[To do]: Go through the entries below and print, exactly, the lines starting at the one with "Danish Mid-Century Modern" and ending at the one with "Very good vintage", keeping both ends and no others.

[Dataset entries]:
--- START ---

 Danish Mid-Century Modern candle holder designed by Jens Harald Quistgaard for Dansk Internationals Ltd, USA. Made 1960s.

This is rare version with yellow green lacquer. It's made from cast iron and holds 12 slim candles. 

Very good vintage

--- END ---
--- START ---

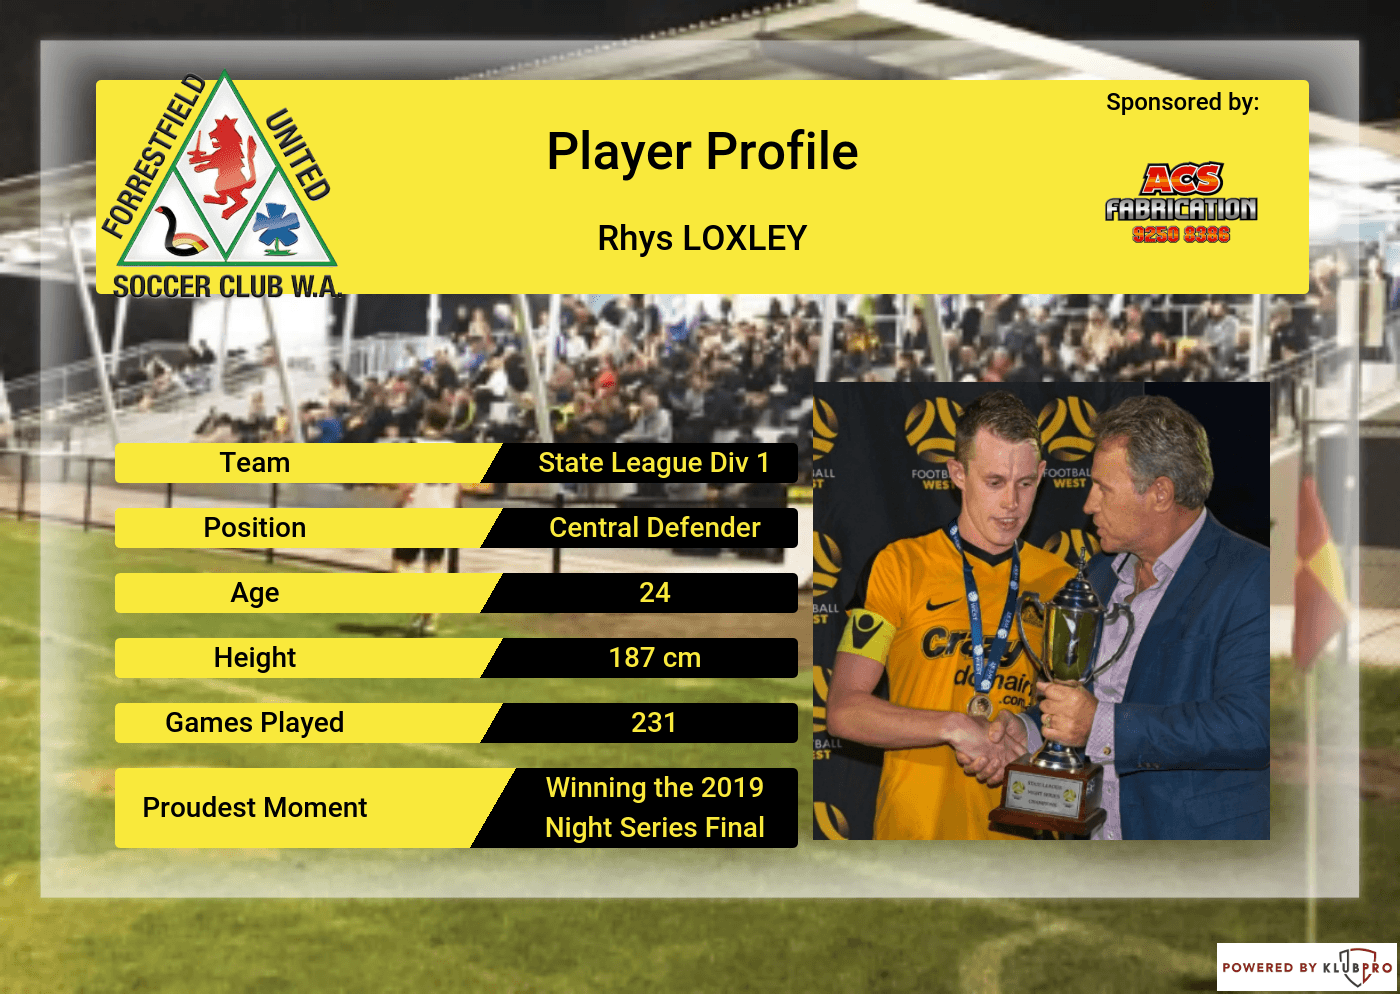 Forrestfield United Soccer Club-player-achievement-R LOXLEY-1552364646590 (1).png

--- END ---
--- START ---

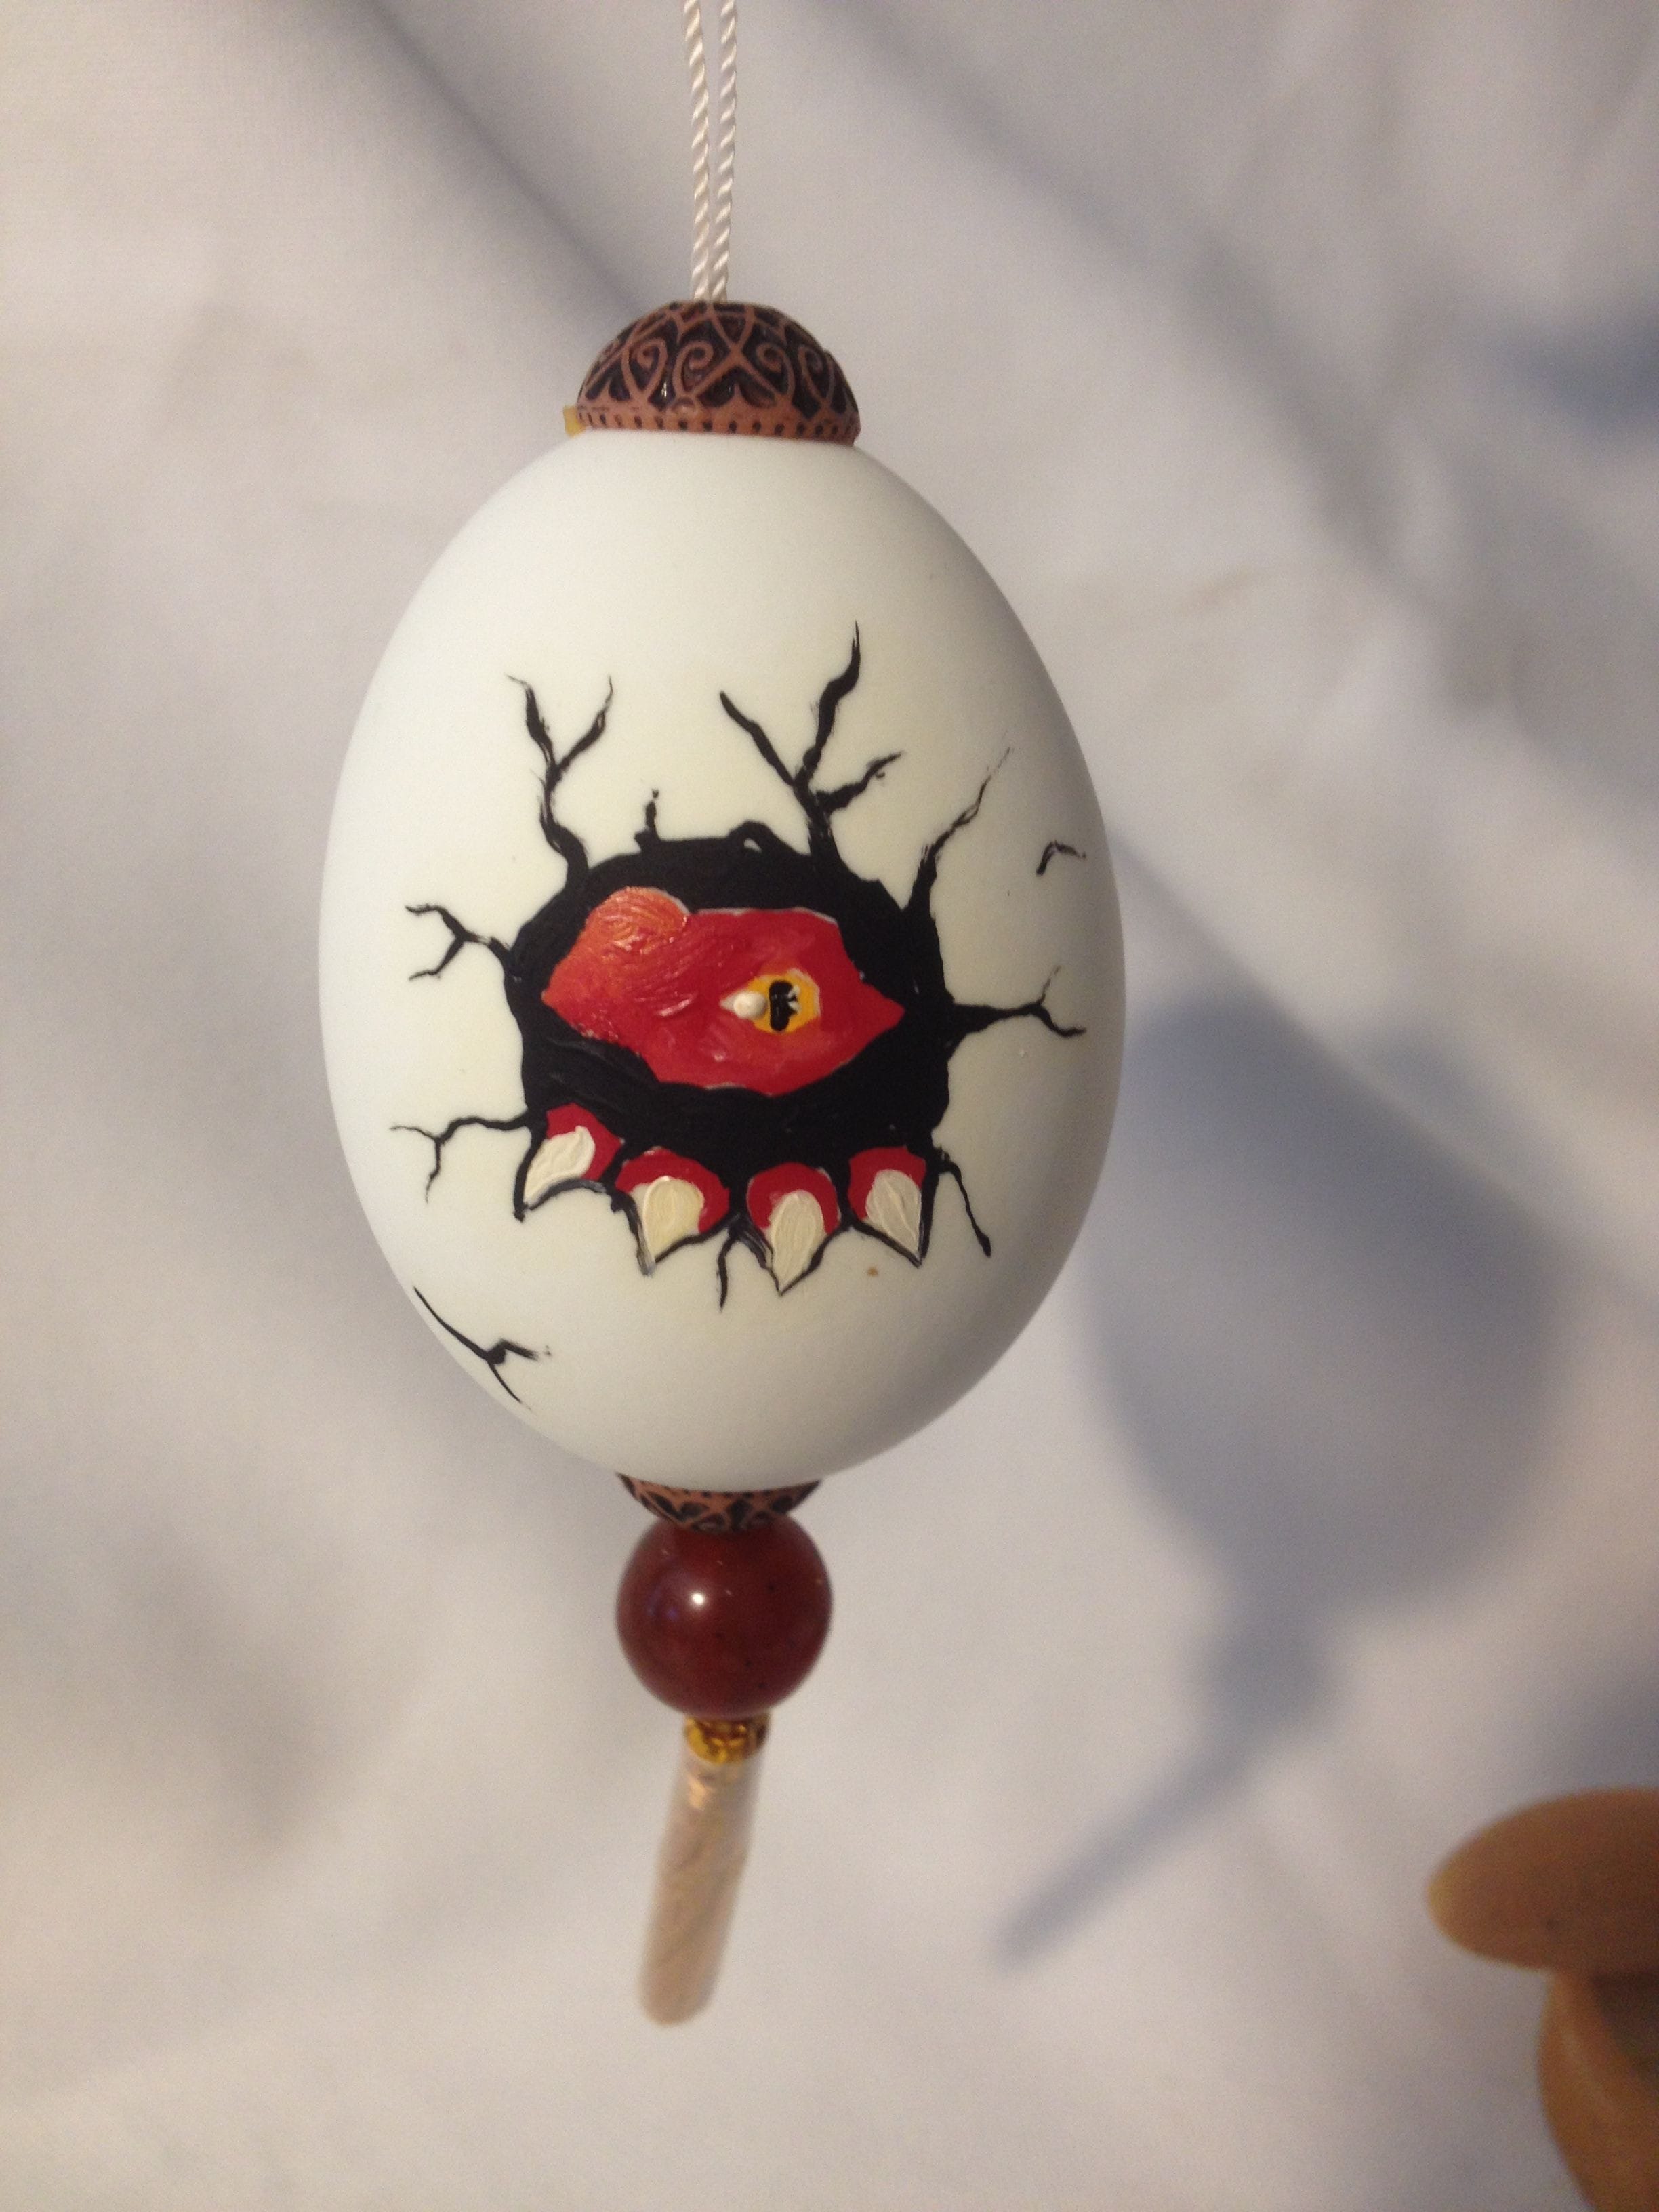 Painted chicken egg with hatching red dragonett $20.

--- END ---

[Task answer]:
 Danish Mid-Century Modern candle holder designed by Jens Harald Quistgaard for Dansk Internationals Ltd, USA. Made 1960s.

This is rare version with yellow green lacquer. It's made from cast iron and holds 12 slim candles. 

Very good vintage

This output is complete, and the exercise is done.